Kerusakan yang telah berlangsung lama itu dinilai sangat mengganggu aktivitas masyarakat. Akses transportasi menjadi terhambat, berdampak langsung pada perekonomian warga, kelancaran pendidikan, hingga layanan kesehatan.
Menanggapi keluhan tersebut, Kepala Dinas Pekerjaan Umum, Tata Ruang, Perumahan dan Kawasan Permukiman (PUTRPKP) Kabupaten Indragiri Hilir, Yusnaldi, menyatakan bahwa proyek pembangunan jalan kini telah memasuki tahap persiapan.
“Saat ini masih dalam proses penyusunan dokumen pengadaan barang dan jasa. Kita mulai dari lelang pengawasan. Jika berjalan lancar, pembangunan fisik ditargetkan dimulai akhir Mei atau awal Juni,” ujarnya, Minggu (5/4/2026).
Ia menambahkan, perbaikan jalan tersebut diperkirakan akan menelan anggaran sekitar Rp6,5 miliar.

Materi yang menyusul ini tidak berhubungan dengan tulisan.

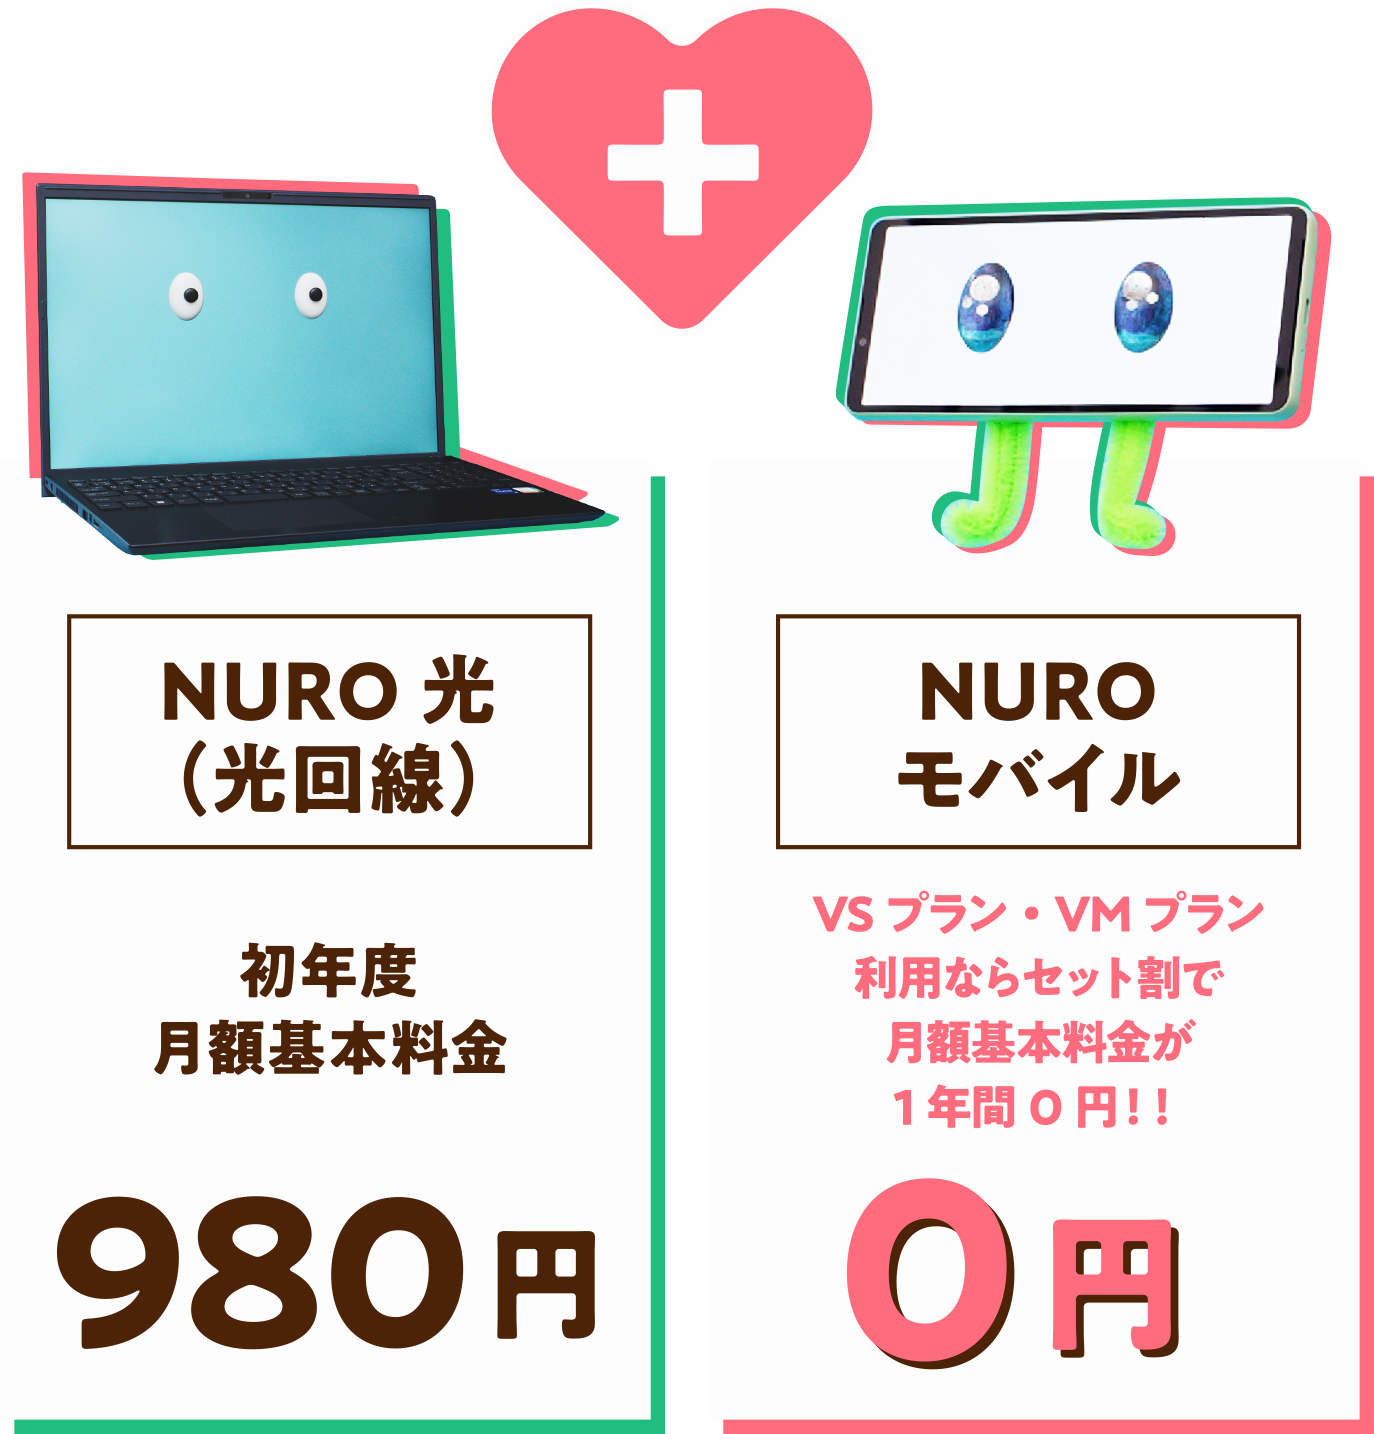 NURO光（光回線） 初年度 月額基本料金 980円 NUROモバイル VSプラン・VMプラン利用ならセット割で 月額基本料金が1年間0円！！ 0円
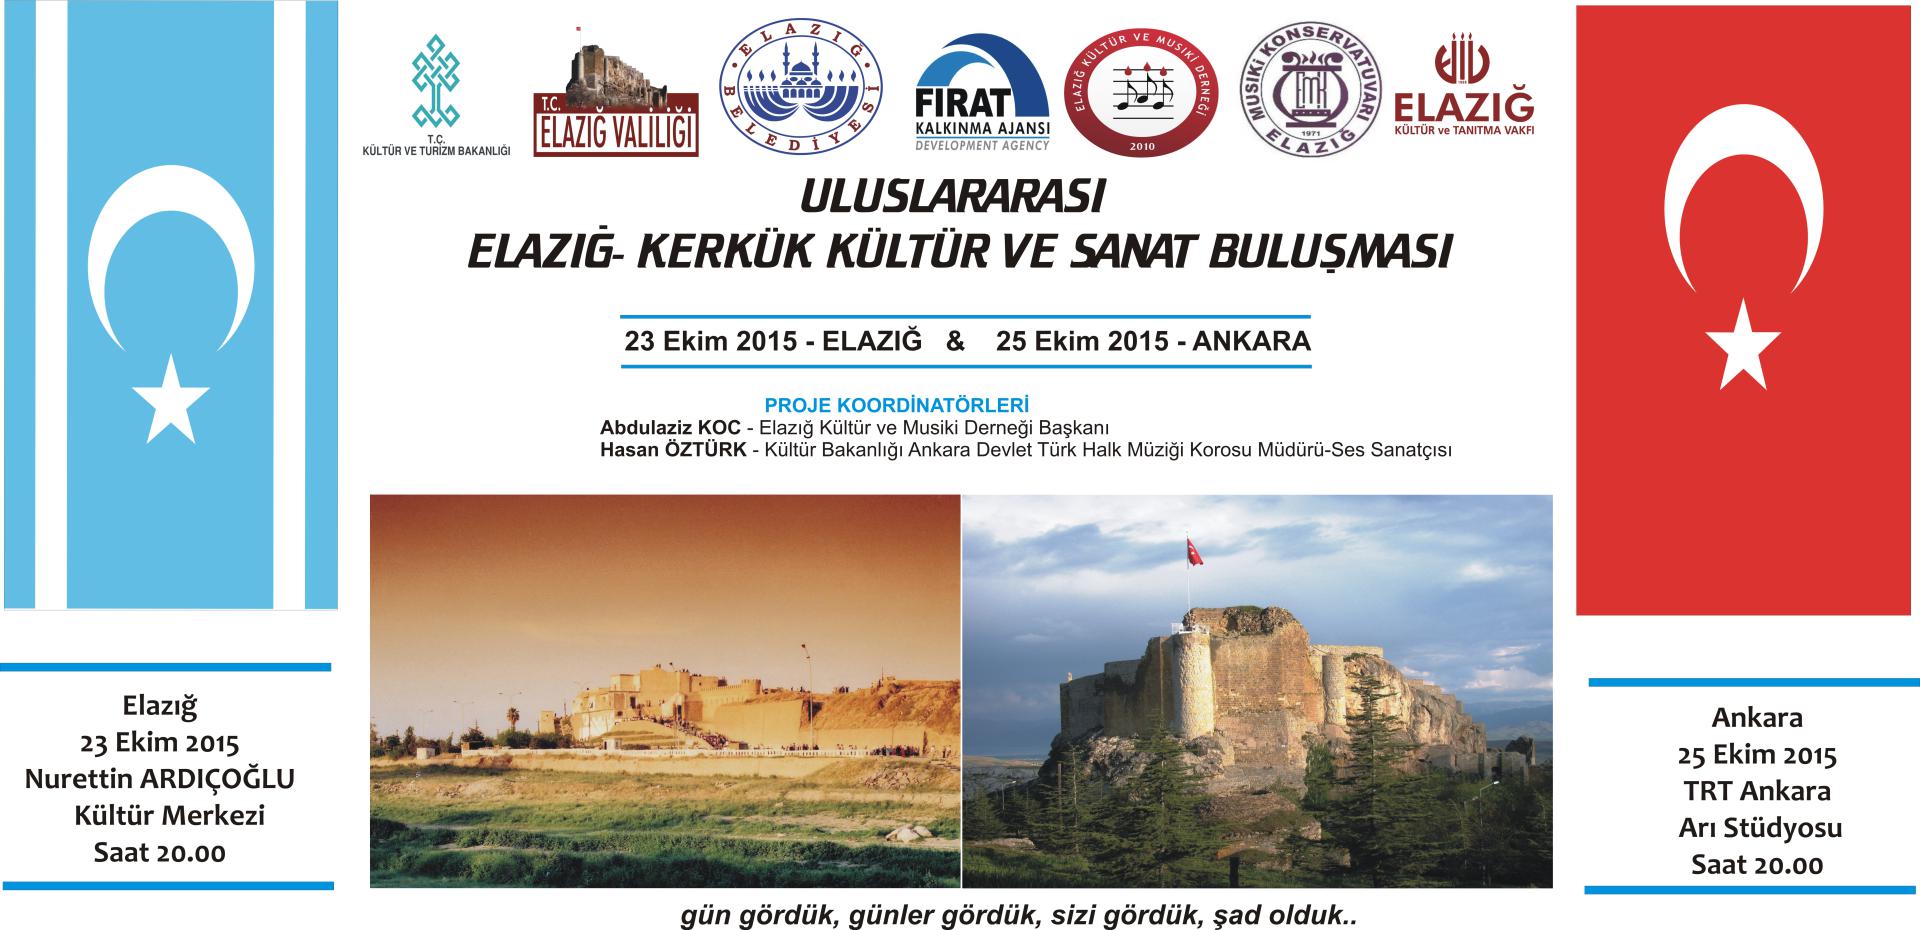 Elazığ-Kerkük Kültür ve Sanat Buluşması Projesi-2015 
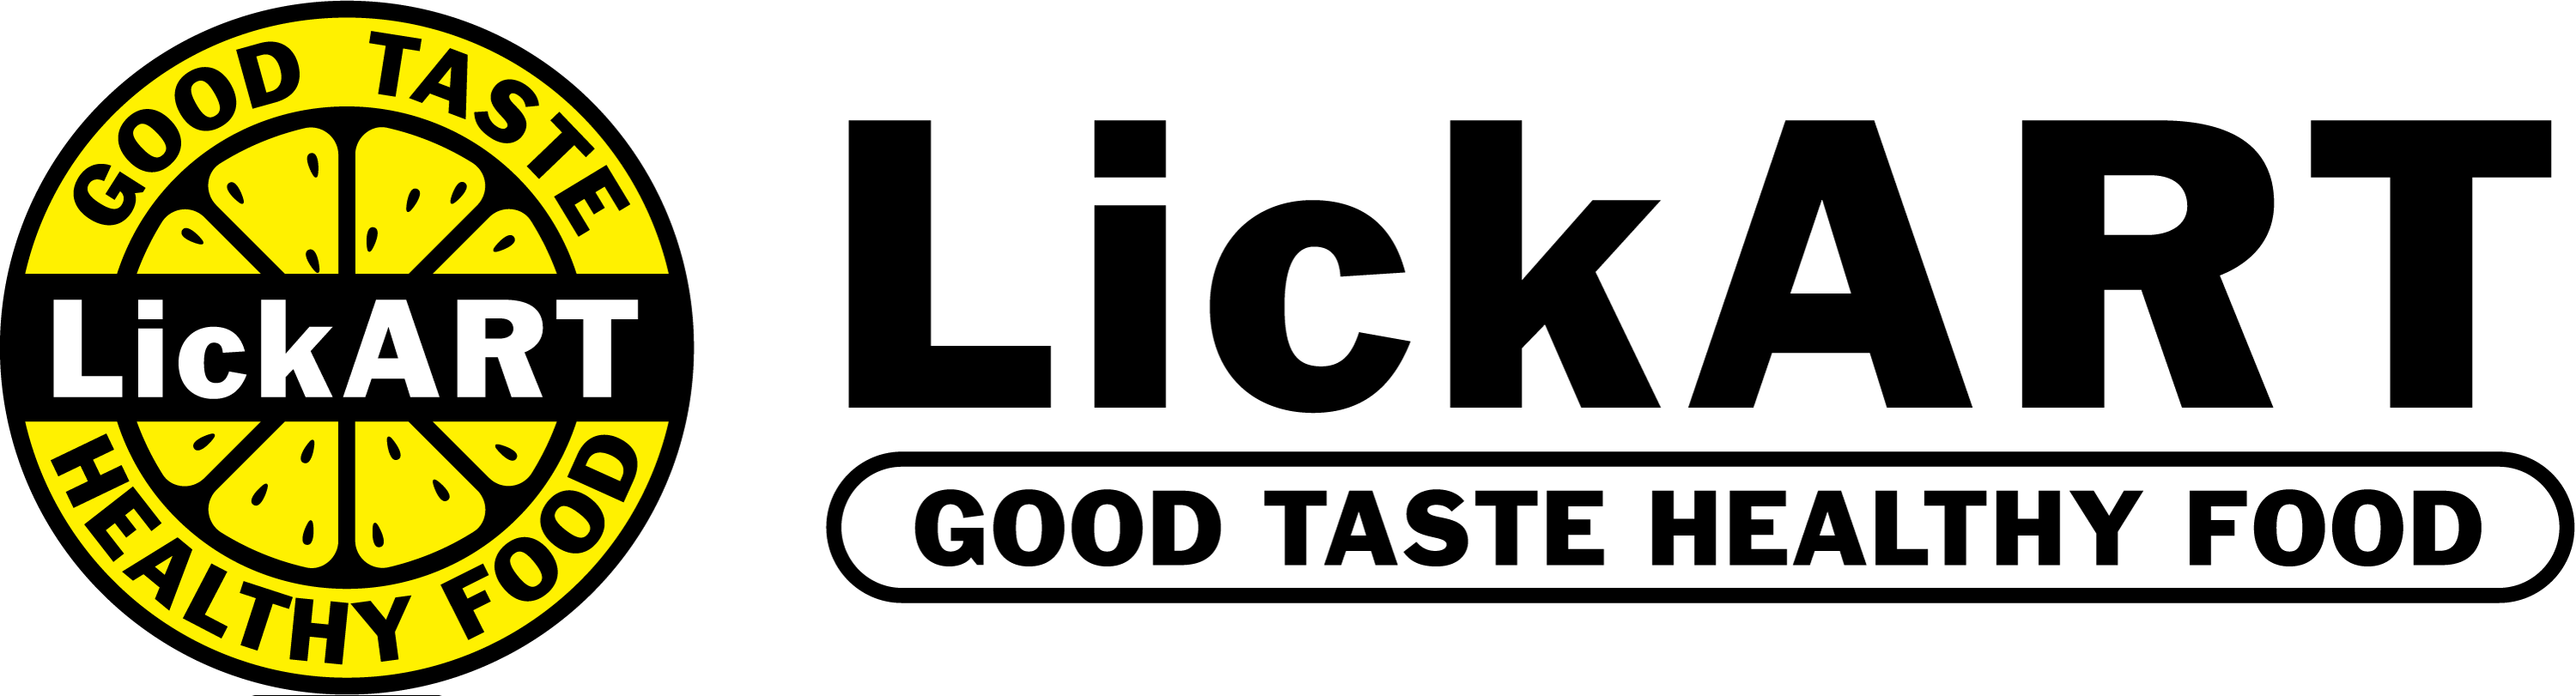 lickart-logo
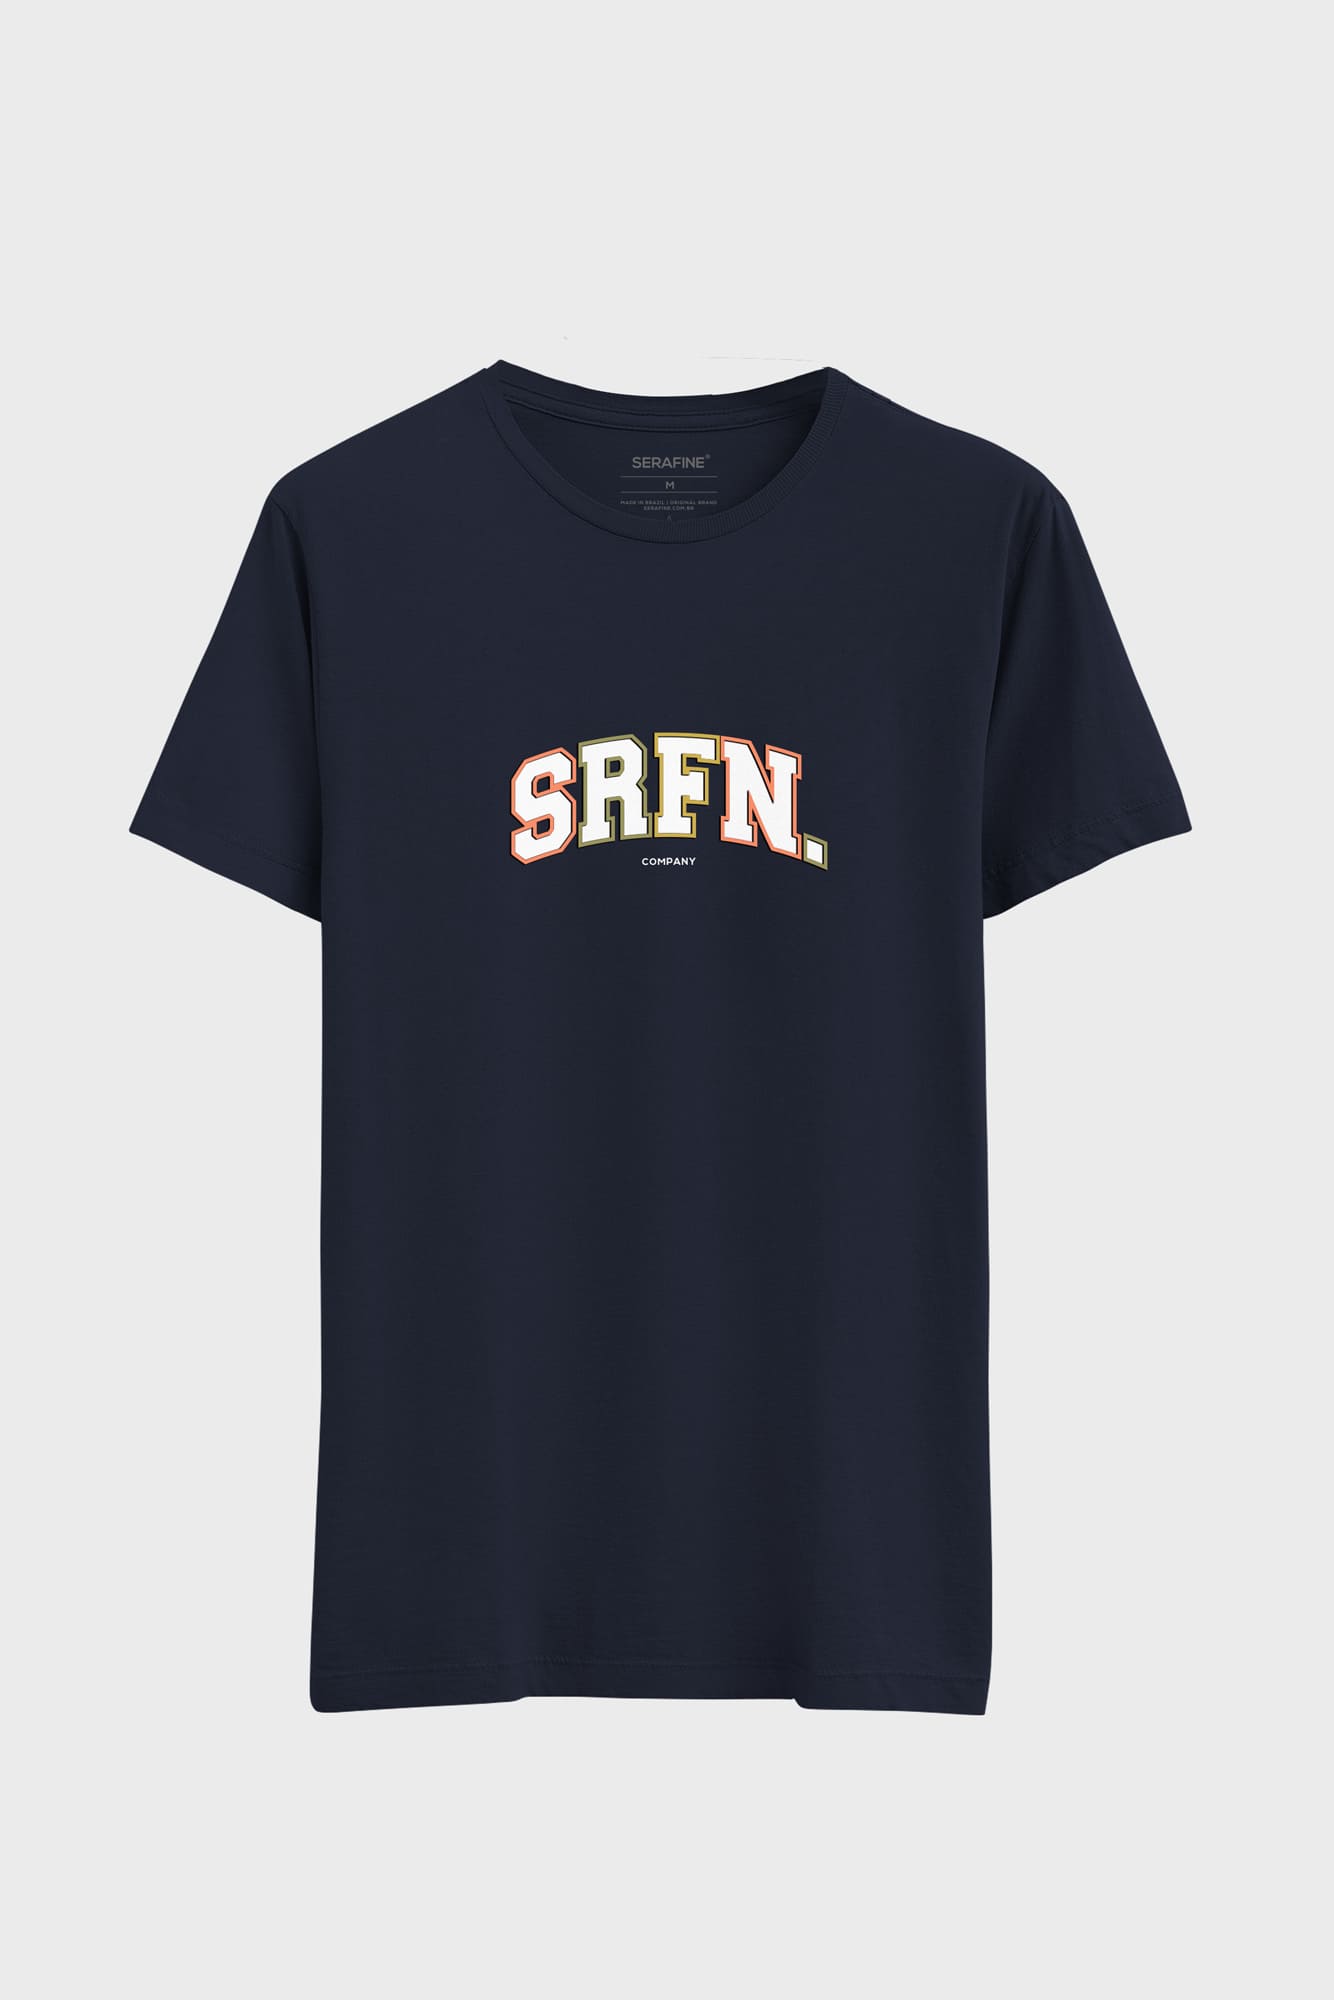 Camiseta Serafine School- S24TC540

Sementara itu, Kepala Desa Igal, Abu Bakar, membenarkan rencana pembangunan tersebut. Ia mengatakan pihak desa telah menerima informasi resmi terkait program perbaikan jalan yang selama ini dikeluhkan warga.
“Benar, informasi yang kami terima jalan itu akan dibangun tahun ini. Kami berharap masyarakat bisa bersabar dan prosesnya berjalan lancar,” katanya.
Pemerintah daerah menegaskan bahwa perbaikan infrastruktur ini menjadi prioritas, mengingat vitalnya akses jalan bagi mobilitas dan aktivitas ekonomi masyarakat pedesaan.
Warga Desa Igal pun berharap realisasi pembangunan tidak lagi tertunda. Pasalnya, setiap musim hujan, kondisi jalan semakin memburuk dan meningkatkan risiko kecelakaan bagi pengguna jalan. (Tim)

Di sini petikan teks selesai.